LangLoc: "Tell Me What You See"

2026-07-06Computer Vision and Pattern Recognition

Computer Vision and Pattern Recognition
AI summary

The authors developed LangLoc, a system that figures out exactly where someone is inside a building just by reading their natural language description of the surroundings. First, it finds the right room or scene using a smart language and image feature comparison. Then, it guesses the exact spot and direction by checking what objects should be visible from various points on a floor plan. Finally, it asks yes/no questions to clear up any confusion and pinpoint the location more accurately. They also created a large dataset with over 13,000 descriptions tied to precise indoor locations to test their method.

Indoor localizationNatural language processing3D environmentScene retrievalGraph Attention Network (GATv2)CLIP featuresRay castingBayesian inferencePose estimationDialog system
Authors
Shaurya Kishore Panwar, Roham Zendehdel Nobari, Shirley Feng Yi Lau, Abu Bakr Rahman Shaik, Manuel Günther, Marc Pollefeys, Daniel Barath
Abstract
We tackle fine-grained indoor localization from natural language: given a free-form description of one's surroundings, estimate the observer's 2D position and heading within a known 3D environment.
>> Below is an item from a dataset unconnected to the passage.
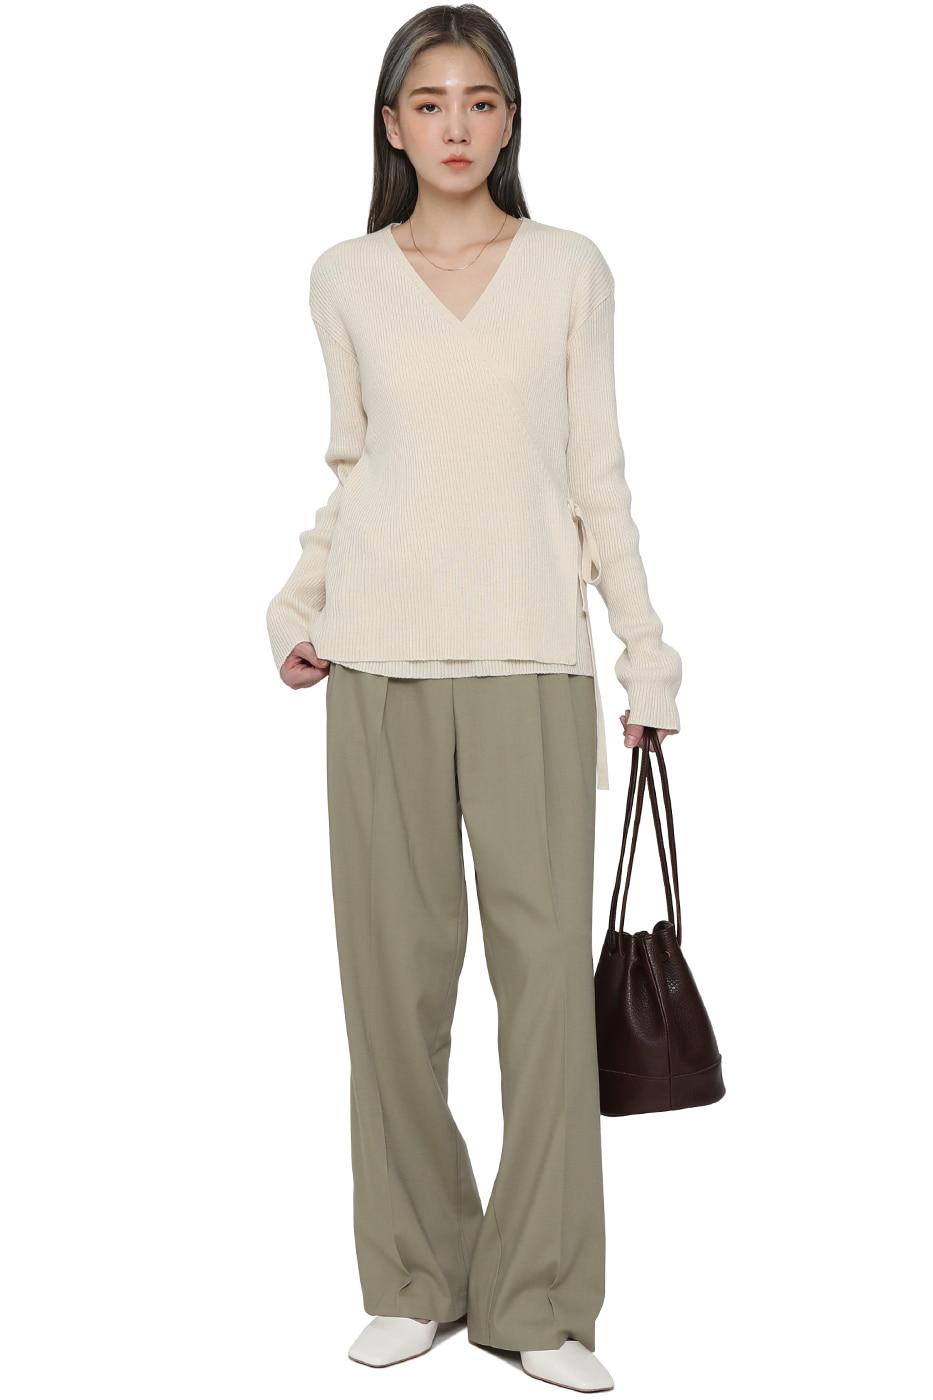 Sophia Wrap Knitwear Top

Language queries are lightweight, privacy-preserving, and need no camera - yet prior work stops at coarse scene retrieval and cannot resolve an intra-scene pose. We close this gap with LangLoc, a three-stage pipeline that (i) retrieves the correct scene via a dual-branch GATv2 encoder with CLIP semantic features, surpassing the previous best by 8 percentage points in Top-1 recall; (ii) estimates position and heading by scoring a dense floor grid through ray-cast object visibility, reaching a median error of 0.95 m; and (iii) resolves residual ambiguity through a Bayesian dialog module that asks targeted yes/no questions and updates a pose posterior until the location is pinpointed. To support this task we contribute a benchmark of $13{,}000{+}$ pose-indexed natural-language descriptions over $1{,}300{+}$ indoor 3D scans.